Speaker: Leonid Libkin
Abstract: Our goal is to bridge the difference between theoretical and practical
approaches to answering queries over databases with nulls, and to
suggest ways in which SQL's handling of nulls can be modified to
provide some correctness guarantees. Theoretical research has long
ago identified the notion of correctness of query answering over
incomplete data: one needs to find certain answers, which are true
regardless of how incomplete information is interpreted. In practice,
on the other hand, query answering must be very efficient, and to
achieve this, SQL uses three-valued logic for evaluating queries on
databases with nulls. Due to the complexity mismatch, the two
approaches cannot coincide, but perhaps they are related in some way?
For instance, does SQL always produce answers we can be certain about?
This is not so: SQL's and certain answers semantics could be totally
unrelated, and SQL can produce both false negatives (i.e., miss some
tuples that are in the answer) and even worse, false positives (i.e.,
return tuples that should not be in the answer). We show, however,
that a slight modification of the three-valued semantics for queries
can provide certainty guarantees: false positives no longer occur. The
key point of the new scheme is to fully utilize the three-valued
semantics, and classify answers not into certain or non-certain, as
was done before, but rather into certainly true, certainly false, or
unknown. This yields relatively small changes to the evaluation
procedure, which we consider at the level of both declarative
(relational calculus) and procedural (relational algebra) queries. We
also introduce a new notion of certain answers with nulls, which
properly accounts for queries returning tuples containing null values.

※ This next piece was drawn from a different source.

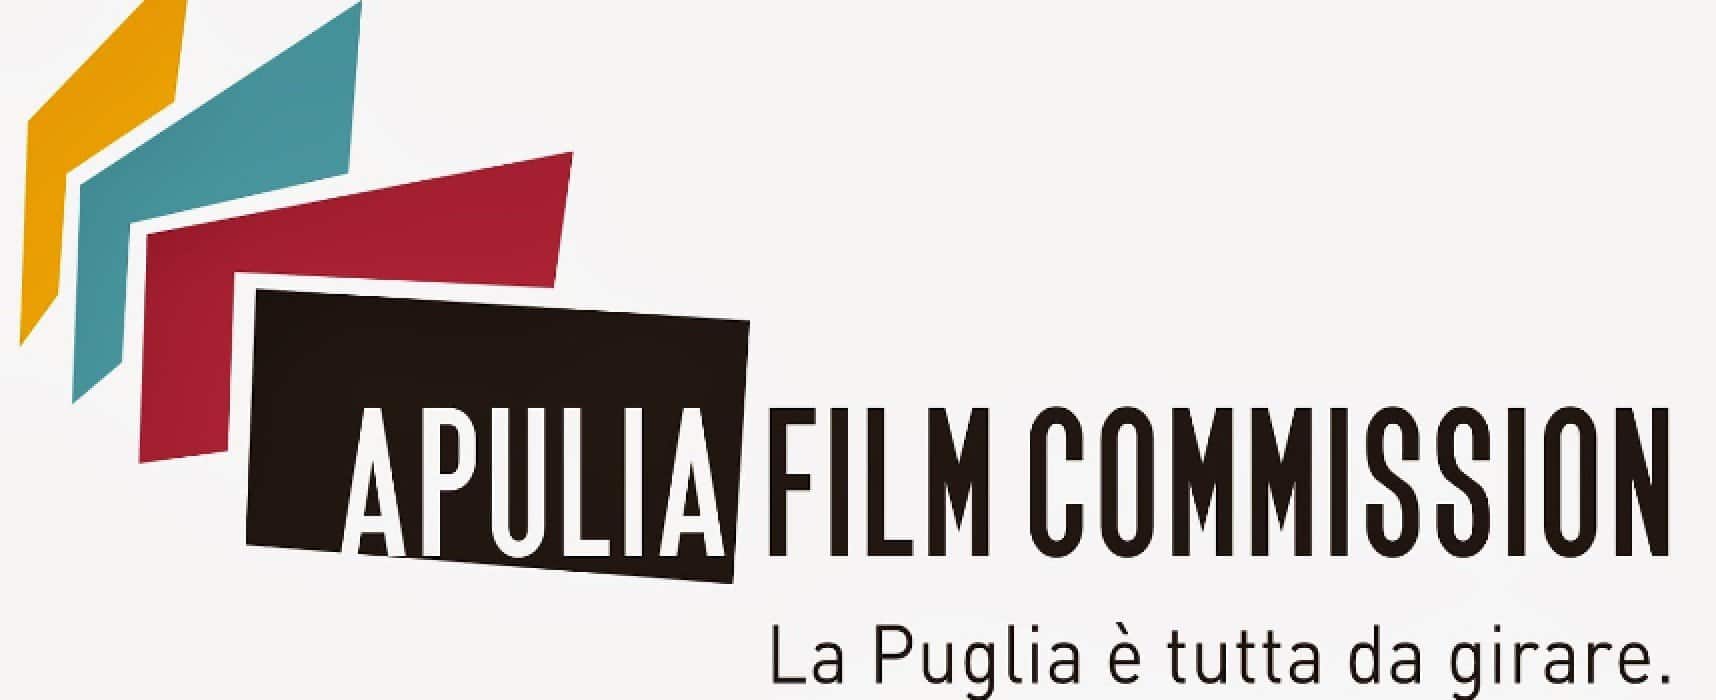 Apulia film commission 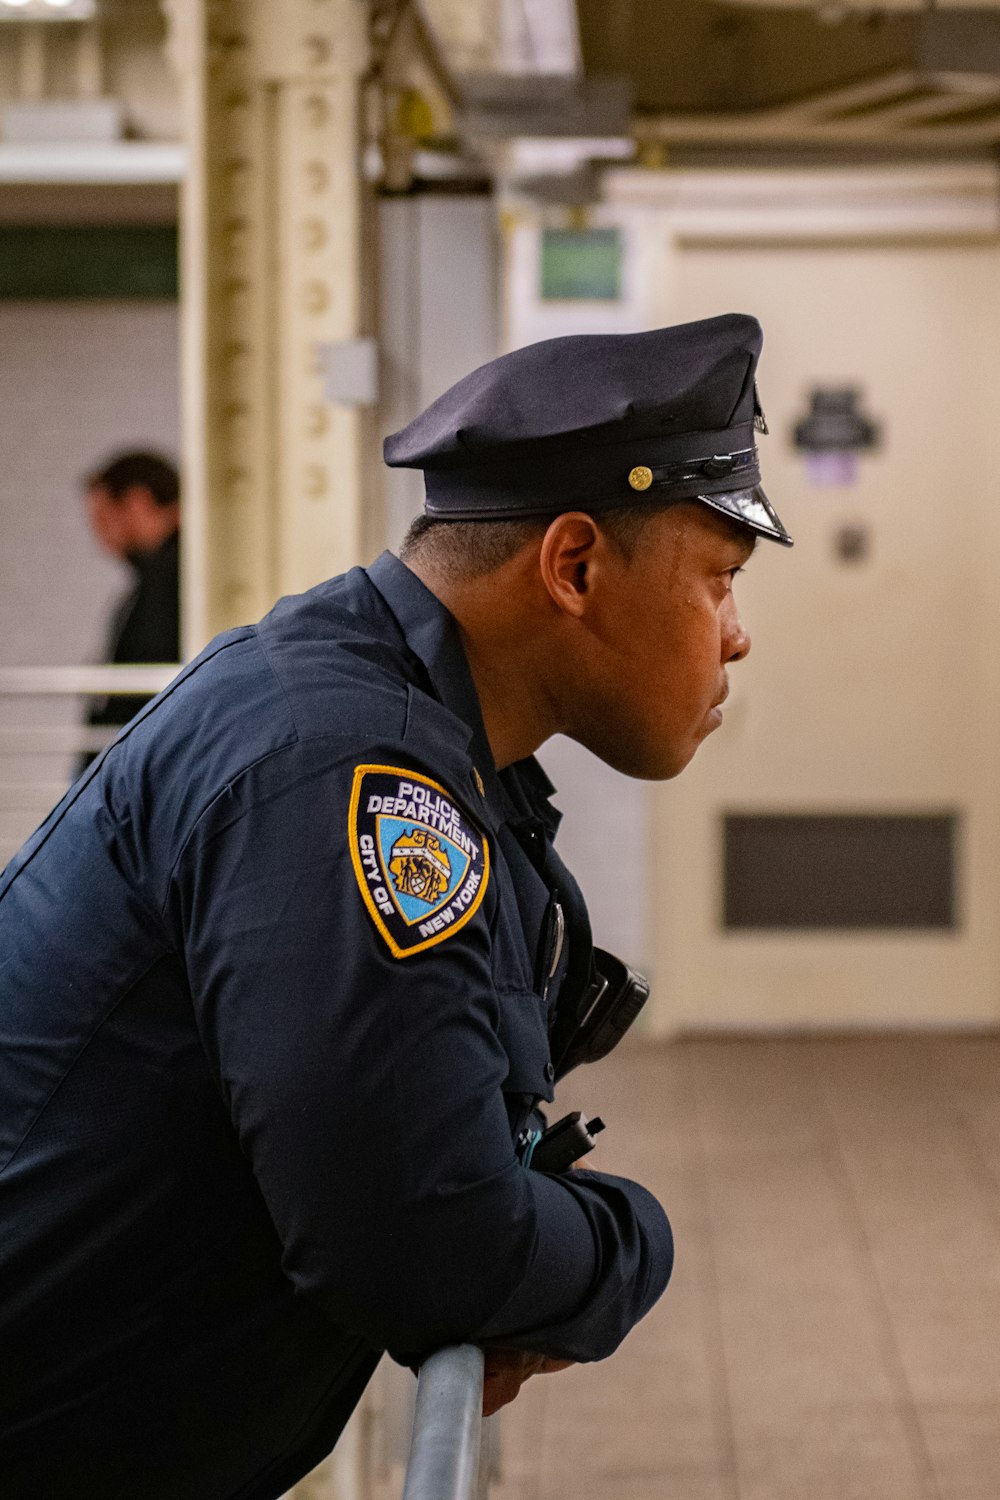 Man in blue police uniform photo – Free Nyc Image on Unsplash

Bio: Leonid Libkin is Professor of Foundations of Data Management in the
School of Informatics at the University of Edinburgh. He was
previously a Professor at the University of Toronto and a member of
research staff at Bell Laboratories in Murray Hill. He received his
PhD from the University of Pennsylvania in 1994. His main research
interests are in the areas of data management and applications of
logic in computer science. He has written five books and over 180
technical papers. His awards include a Marie Curie Chair Award and
five Best Paper Awards. He has chaired programme committees of major
database conferences (ACM PODS, ICDT) and was the conference chair of
the 2010 Federated Logic Conference. He has given many invited
conference talks and has served on multiple program committees and
editorial boards. He is an ACM fellow and a fellow of the Royal
Society of Edinburgh.
=======================================================
Title: "Big Data: Hype and Reality"
Speaker: Dr. C. Mohan
Abstract: Big Data has become a hot topic in the last few years in both
industry and the research community. For the most part, these developments
were initially triggered by the requirements of Web 2.0 companies. Both
technical and non-technical issues have continued to fuel the rapid pace of
developments in the Big Data space. Open source and non-traditional software
entities have played key roles in the latter. As it always happens with any
emerging technology, there is a fair amount of hype that accompanies the work
being done in the name of Big Data. The set of clear-cut distinctions that
were made initially between Big Data systems and traditional database
management systems are being blurred as the needs of the broader set of
(“real world”) users and developers have come into sharper focus in the last
couple of years. In this talk, I will survey the developments in Big Data and
try to distill reality from the hype!
Bio: Dr. C. Mohan has been an IBM researcher for 33 years in the information management area,
impacting numerous IBM and non-IBM products, the research and academic communities, and standards,
especially with his invention of the ARIES family of database locking and recovery algorithms,
and the Presumed Abort commit protocol. This IBM, ACM and IEEE Fellow has also served as the
IBM India Chief Scientist for 3 years. In addition to receiving the ACM SIGMOD Innovation Award (1996),
the VLDB 10 Year Best Paper Award (1999) and numerous IBM awards,
Mohan was elected to the US and Indian National Academies of Engineering,
and was named an IBM Master Inventor. This Distinguished Alumnus of IIT
Madras received his PhD at the University of Texas at Austin. He is an inventor of 45 patents.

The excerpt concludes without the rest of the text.